- Netflix poster
- Polish: Lalka
- Genre: Historical drama
- Based on: The Doll by Bolesław Prus
- Written by: Paweł Demirski; Jagoda Dutkiewicz; Paweł Maślona [pl];
- Directed by: Paweł Maślona
- Starring: Tomasz Schuchardt; Sandra Drzymalska; Jacek Braciak; Dariusz Chojnacki [pl]; Maria Kania [pl]; Piotr Pacek; Julia Wyszyńska; Monika Frajczyk [pl]; Piotr Adamczyk;
- Composer: Baasch
- Country of origin: Poland
- Original language: Polish
- No. of episodes: 6

Production
- Producers: Michał Kwieciński; Jan Kwieciński;
- Cinematography: Paweł Flis
- Editors: Magdalena Chowańska; Michał Czarnecki [pl];
- Running time: 60–72 minutes
- Production company: Akson Studio

Original release
- Network: Netflix
- Release: 16 September 2026

= The Doll (TV series) =

2026 Polish historical drama miniseries

The Doll (Lalka) is a 2026 Polish historical drama television miniseries based on the novel of the same name by Bolesław Prus.

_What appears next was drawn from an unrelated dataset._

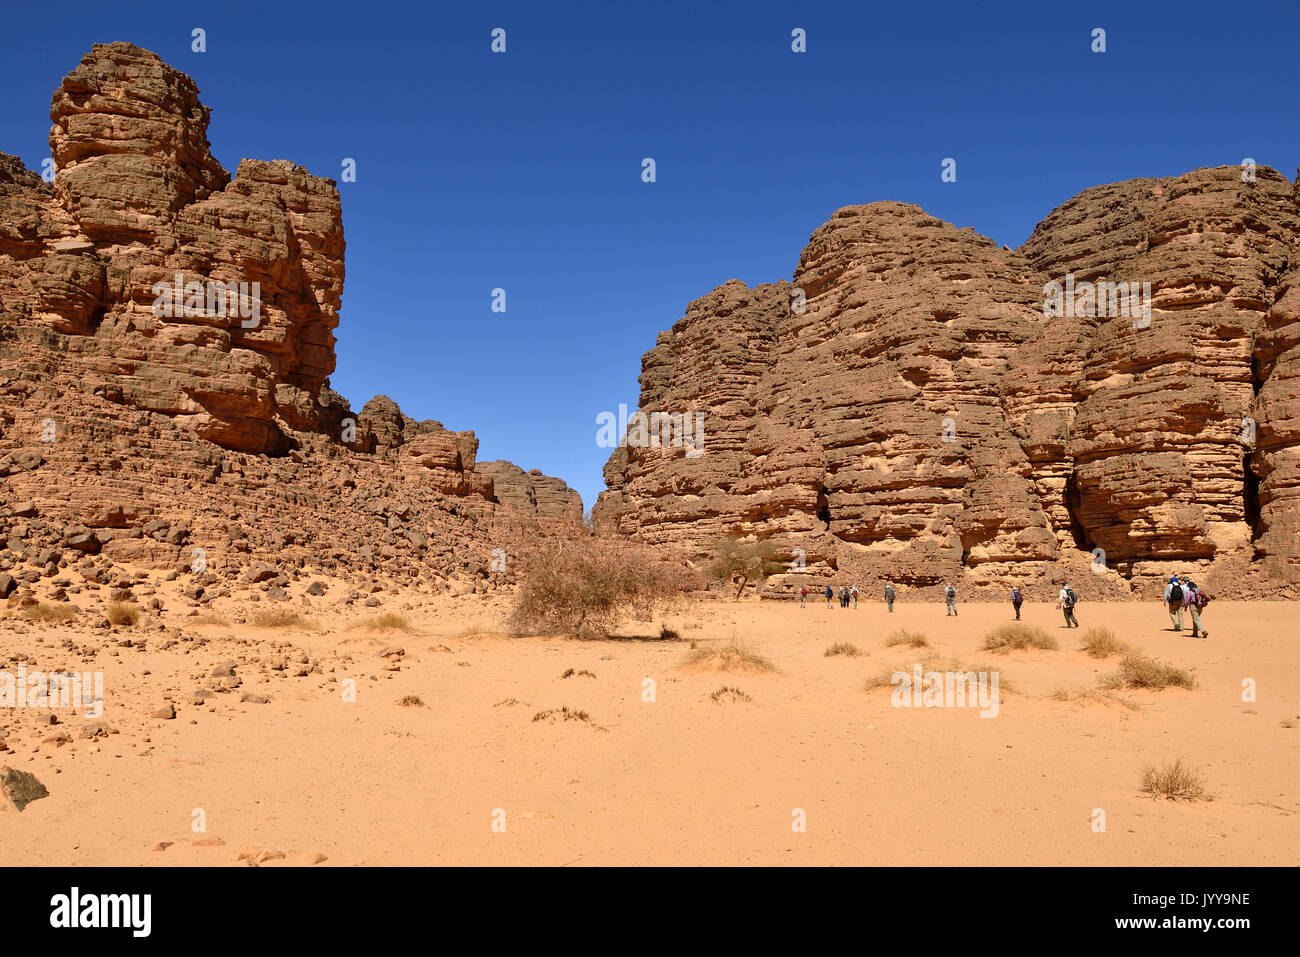 Hikers, group of people hiking in a canyon, Tassili n'Ajjer National Park, Sahara desert, Algeria Stock Photo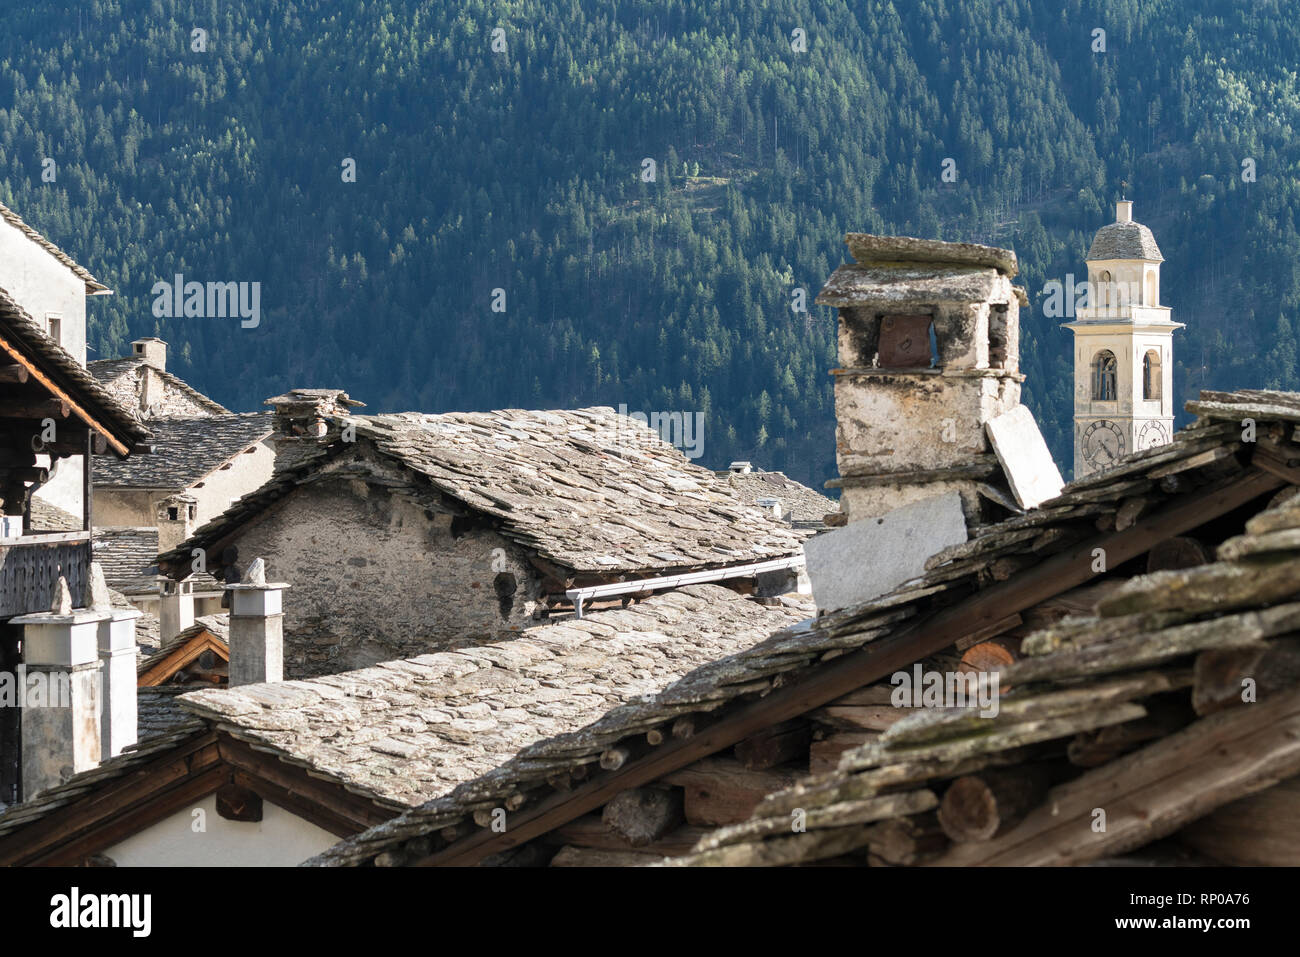 Stone roofs of traditional houses, Soglio, Bregaglia Valley, Maloja Region, Canton of Graubunden, Switzerland Stock Photo

It stars Tomasz Schuchardt and Sandra Drzymalska. It was released on Netflix on 16 September 2026.
==Cast==
- Tomasz Schuchardt as Stanisław Wokulski
- Sandra Drzymalska as Izabela Łęcka
- Jacek Braciak as Tomasz Łęcki
- Dariusz Chojnacki as Ignacy Rzecki
- Maria Kania as Marianna
- Piotr Pacek as Kazimierz Starski
- Julia Wyszyńska as Florentyna
- Monika Frajczyk
- Piotr Adamczyk as Krzeszowski
- Magdalena Cielecka as Kazimiera Wąsowska
- Agnieszka Grochowska
- Mateusz Król as Julian Ochocki
- Małgorzata Hajewska-Krzysztofik as Zasławska
- Mirosław Zbrojewicz
- Andrzej Deskur
- Juliusz Chrząstowski
- Radosław Krzyżowski
- Henryk Niebudek

==Episodes==

| No. | Title | Duration | Original release date |
|---|---|---|---|
| 1 | "Episode 1" | 70 min | 16 September 2026 |
| 2 | "Episode 2" | 66 min | 16 September 2026 |
| 3 | "Episode 3" | 60 min | 16 September 2026 |
| 4 | "Episode 4" | 67 min | 16 September 2026 |
| 5 | "Episode 5" | 65 min | 16 September 2026 |
| 6 | "Episode 6" | 72 min | 16 September 2026 |

==Production==

Filming locations included Nieborów Palace in Łódź Voivodeship.

Principal photography began on 1 July 2025. That month, filming took place at Nieborów Palace and Szajnocha Street in Wrocław. In September, filming took place at the Karol Poznański Palace in Łódź. The following month, filming took place in Lublin Old Town and near the Nicolaus Copernicus Monument on Krakowskie Przedmieście in Warsaw.
==Release==
Netflix released a first-look image from the series in January 2026. The following month, a teaser trailer was also released, featuring the song "Creep" by Radiohead. The series was released on Netflix on 16 September 2026.